Using a methodology that resembles that of my favorite historian, David Kynaston (see _Austerity Britain: 1944-1951_ for example), Lethbridge did a copious amount of primary research, relying on diaries, correspondence, newspaper columns, and interviews with former servants and employers to tell the complicated story of life below stairs. Lethbridge also brings in fictional accounts, as well as devoting time in her final chapter to the popular 1970s ITV series, _Upstairs, Downstairs_.

Lethbridge does a superb job of documenting her sources, using both endnotes and a bibliography that will guide scholars and interested readers who wish to pursue this topic further.
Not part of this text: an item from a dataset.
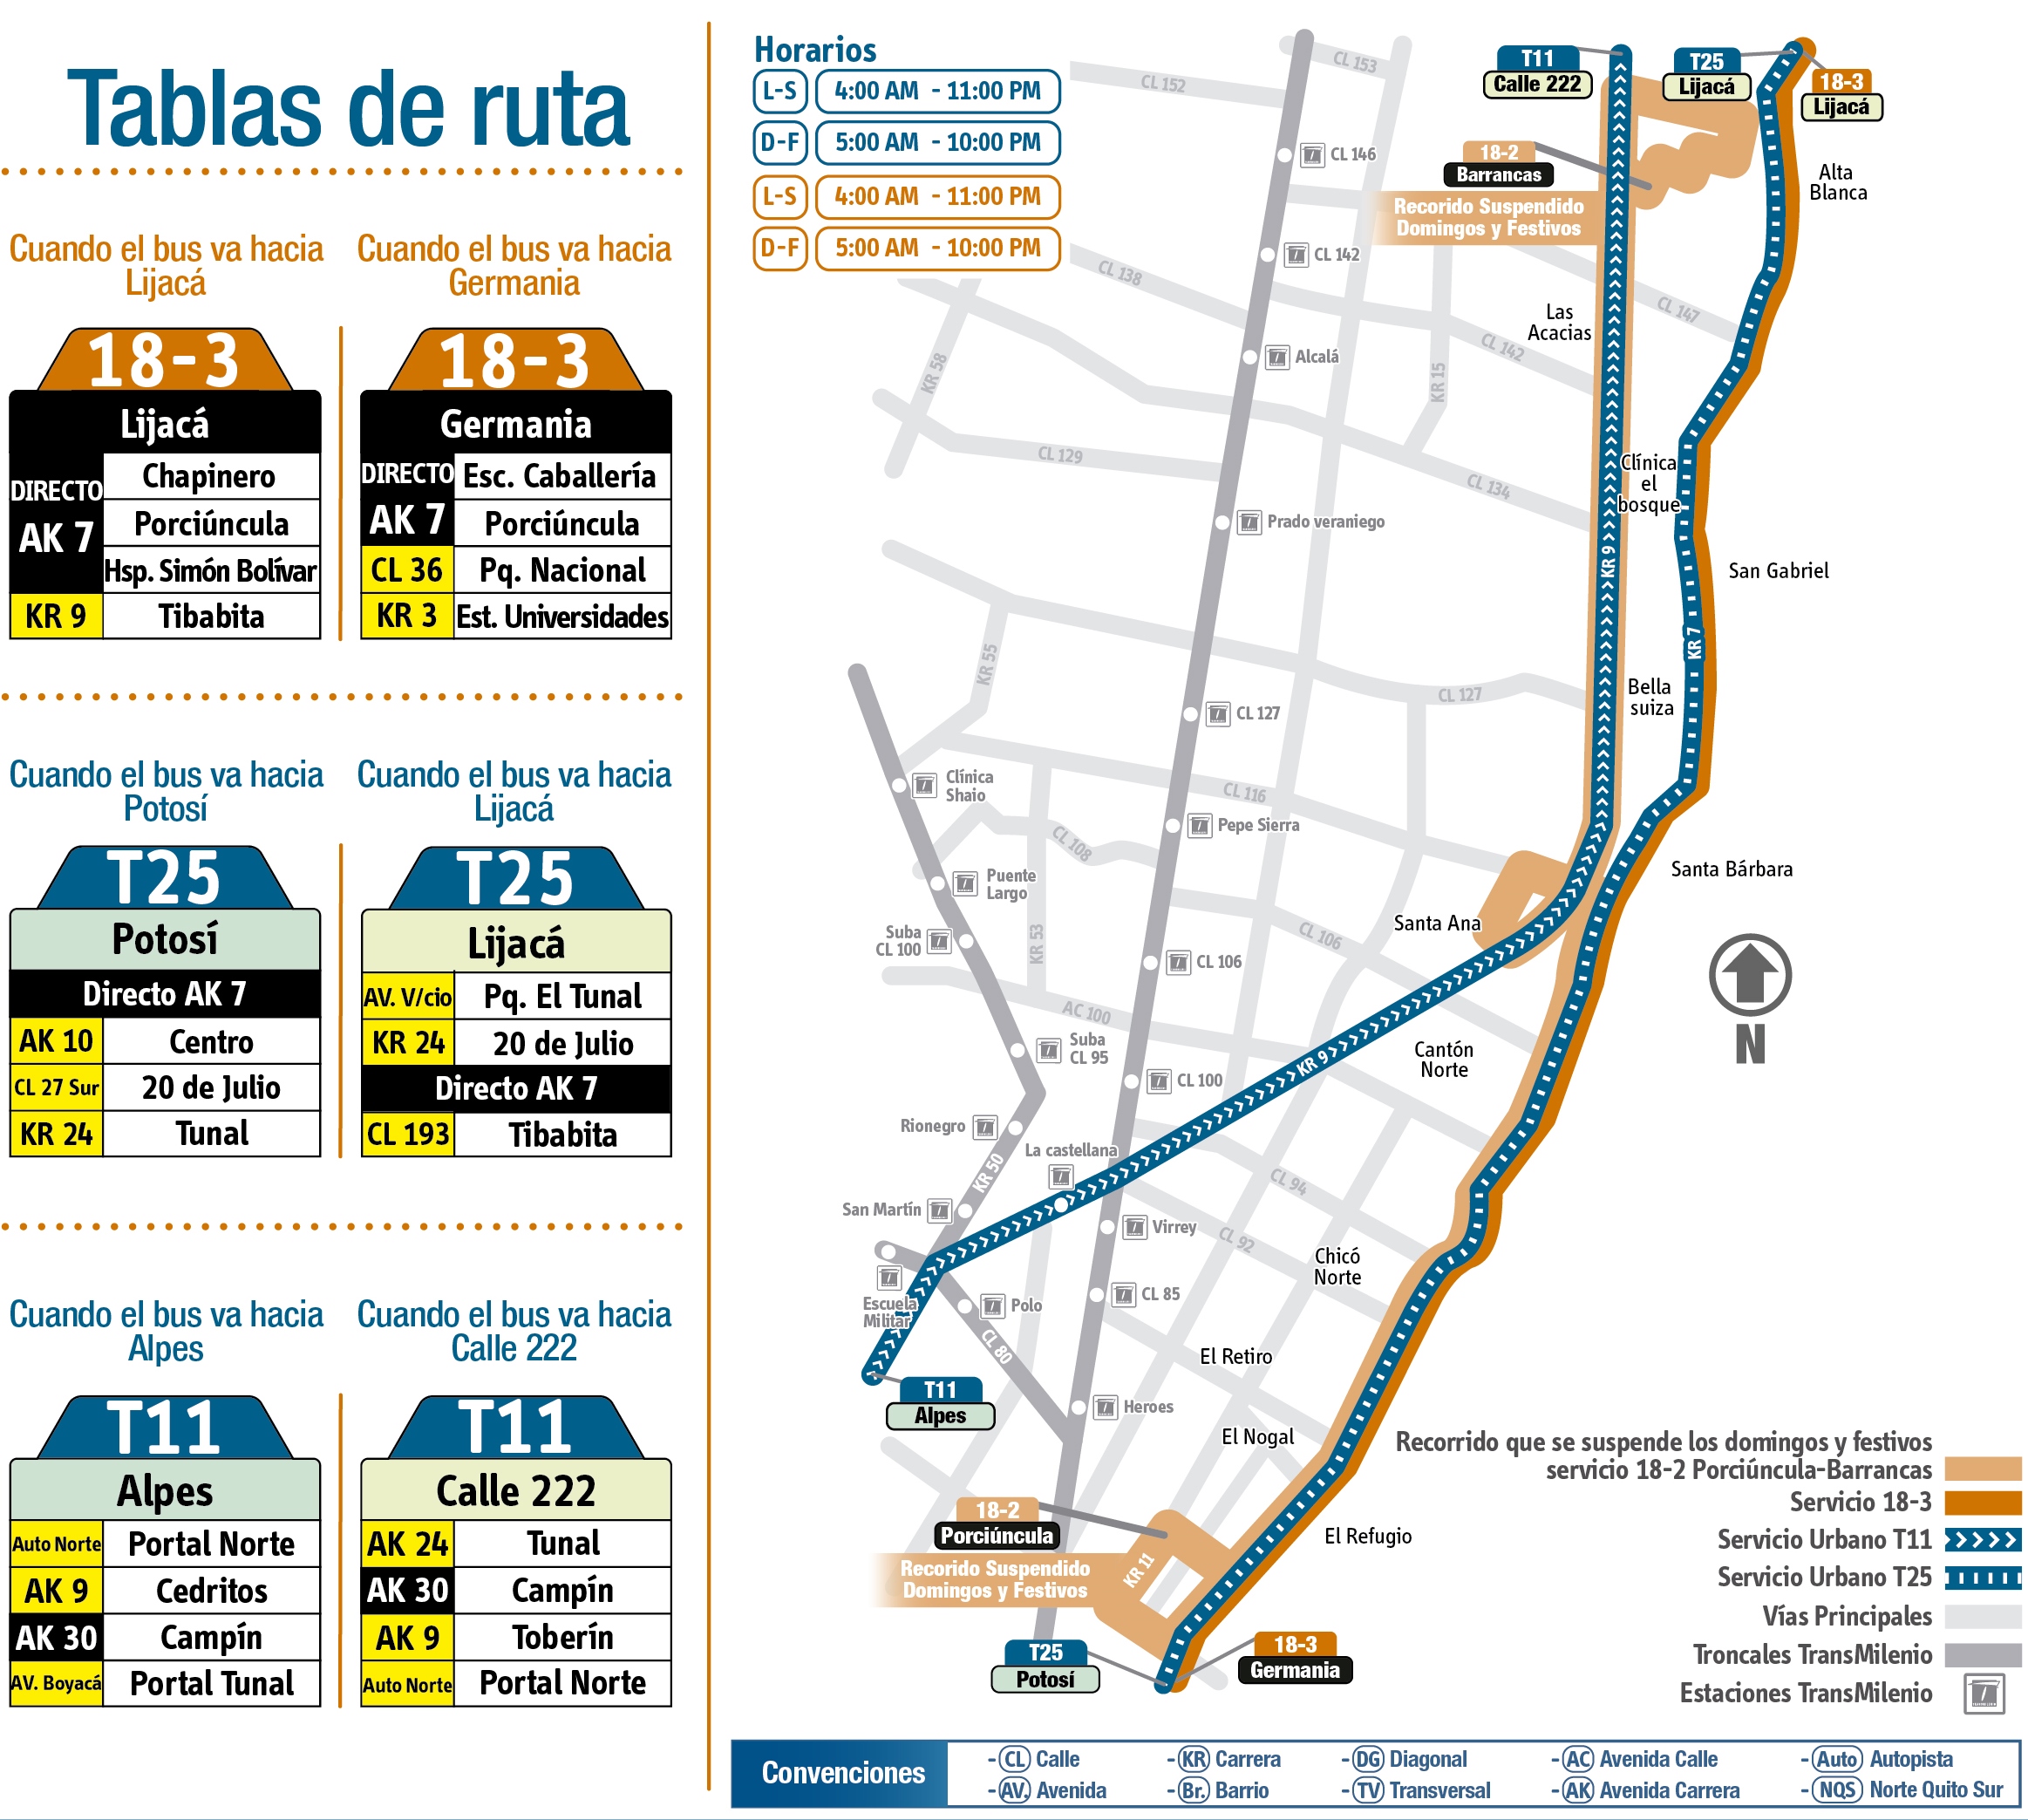 Cambio operacional: ruta complementaria 18-2 Barrancas - Porciúncula

What I most appreciate about this study is Lethbridge’s determination to update the story of domestic labour by moving past the Victorian and Edwardian era (where the bulk of scholarship on the topic exists) and instead detailing the decline of the occupation after World War Two. In doing so, she has answered many of my own questions about the status of domestic service in Great Britain today, going so far as to discuss the domestic recruitment agencies, such as Greycoat Lumleys and Norland Agency for nannies. Who employs a full battery of domestic servants after World War II up to today? Lethbridge has done extensive research to answer this question and also to determine how the relationships between employers and servants have changed and why. She even goes into the semantics, how terms such as “servant” and “master” have changed to accommodate (or not) changing sensibilities towards domestic labour; namely, the shift to “candidate” and “client”, to use Greycoat Lumley’s terminology.
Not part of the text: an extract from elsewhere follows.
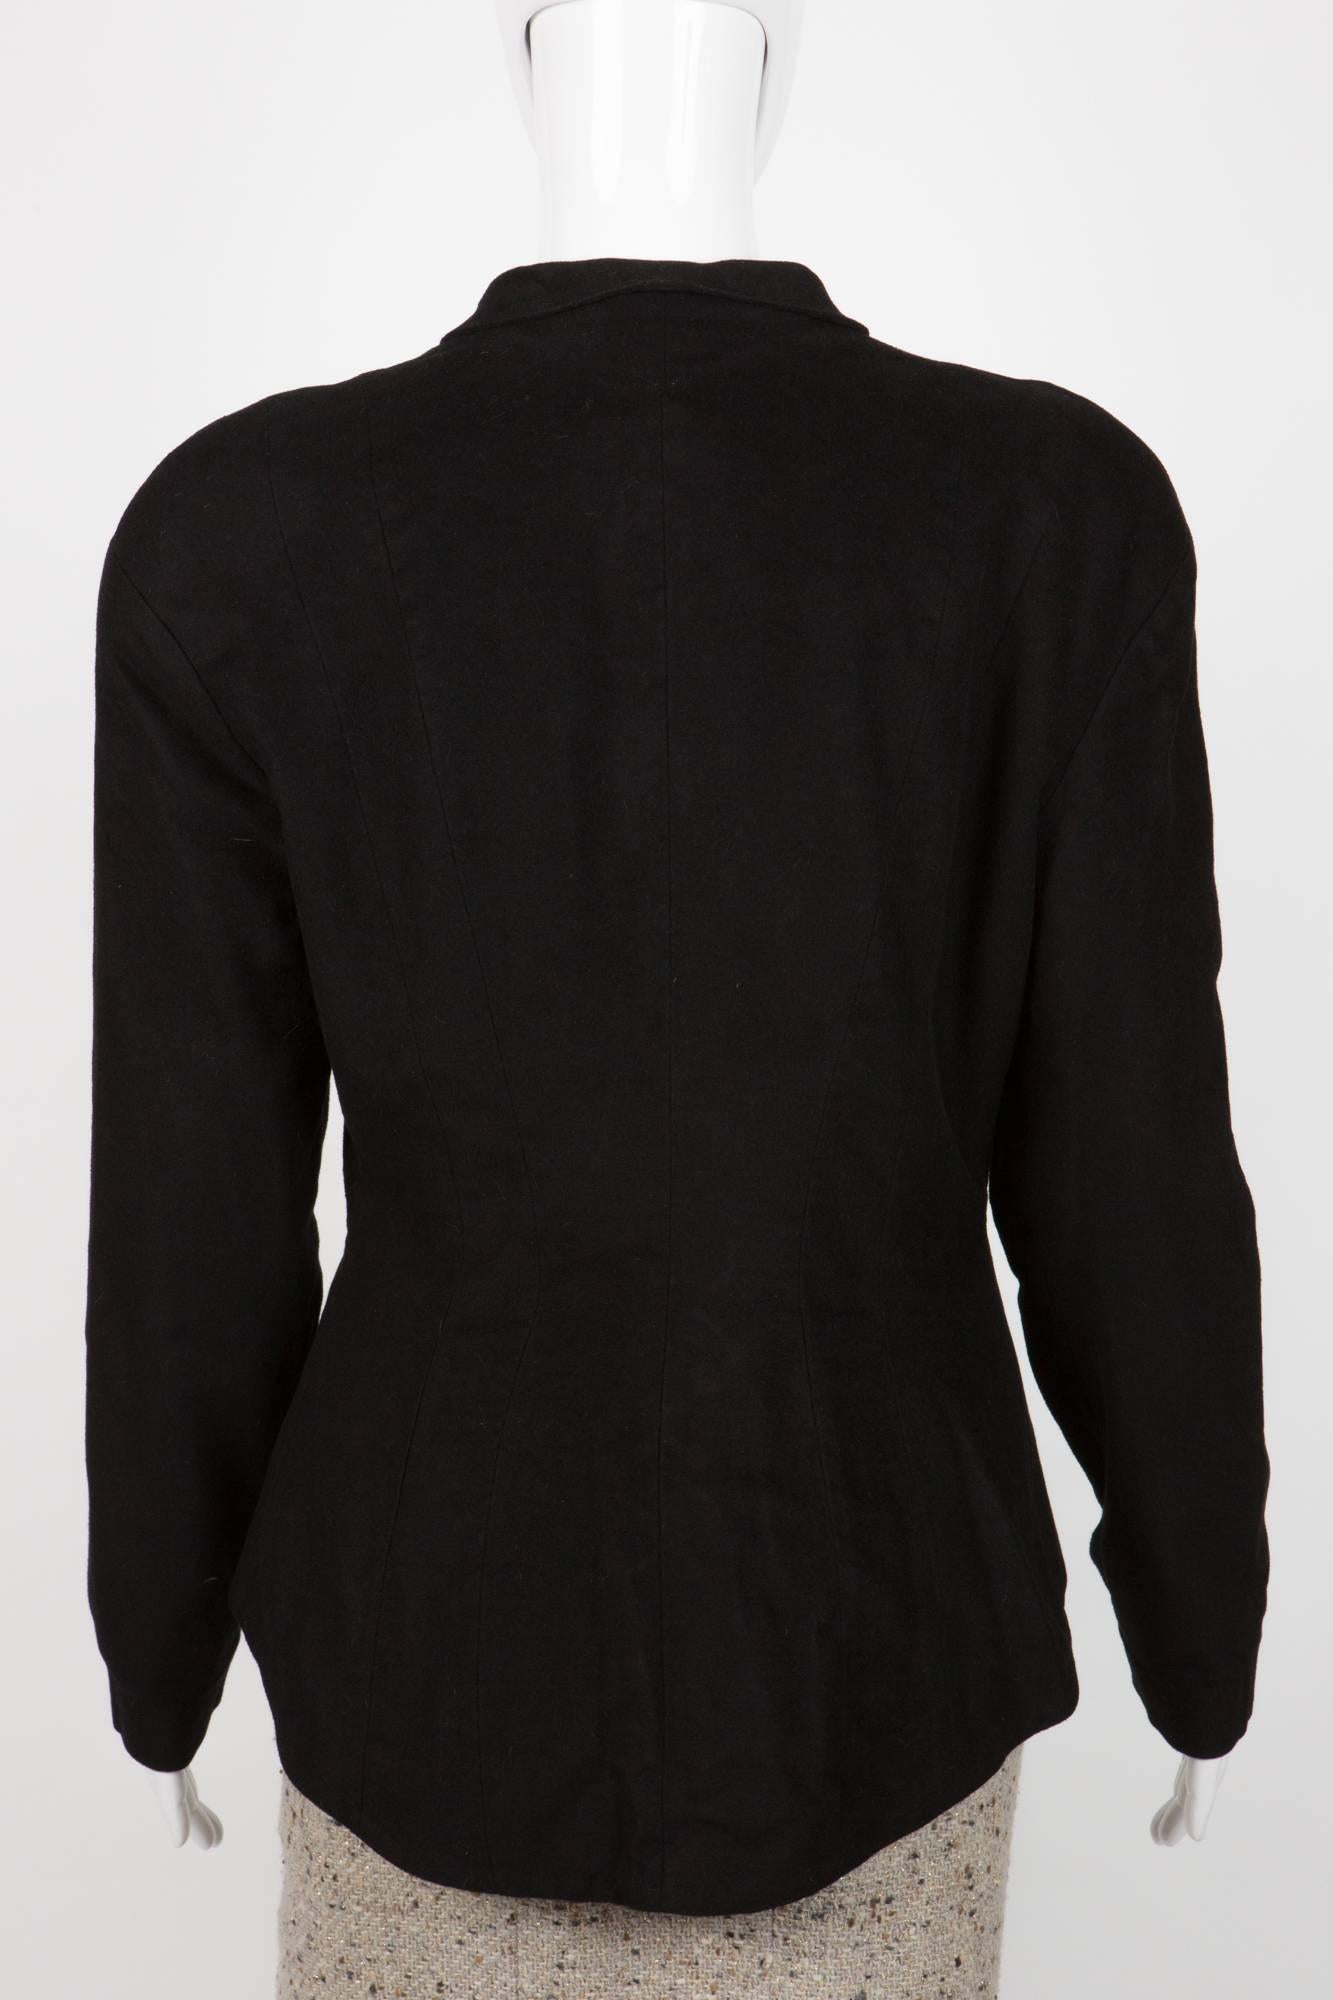 Women's 1980s Thierry Mugler Black Iconic Jacket

Portions of Lethbridge’s study reminded me of a 2000 Wall to Wall/PBS production, _1900 House_, where a modern-day family goes back to 1900 and becomes for all intents and purposes a lower-middle-class Victorian family. On their budget they can afford one maid-of-all work. Although the maid does take a load off of Joyce’s shoulders (she is the mistress of the home), early into the maid’s employment, Joyce realizes that it is only because of her maid that she herself is free to think, create, rest, or become an activist—whatever she chooses to do. Her guilt about her station and that of her maid’s results in Joyce firing the maid. I remember being intrigued by Joyce’s keen sensitivity to what “domestic service” meant. I remember being intrigued by Joyce's keen sensitivity as to what "domestic service" meant, and also how her decision to fire the maid left the maid out of work and, had it been the Victorian era, possibly on the verge of destitution. Lethbridge introduces this topic as well. She writes about Ethel Mannin, a 1920s-era feminist and socialist who hired domestic help in order to free her for her life’s work. Lethbridge writes that Mannin’s “socialist principles were apparently untroubled by the maid. . . . As Mannin saw it, domestic help was a necessary component of her freedom. ‘It was snobbish; it was class distinction; it was exploitation but it worked,’” Mannin wrote fifty years later (Lethbridge, p. 165).

It is Lethbridge’s attention to these complex themes that draw me to it. Although dense with information, Lethbridge writes in a straight-forward style, using little jargon and “telling a story that is true”, my favorite definition of what history is. I highly recommend this book and am grateful that Lethbridge cared so much about the topic to do a lot of original research and investigation in order to share her findings with readers.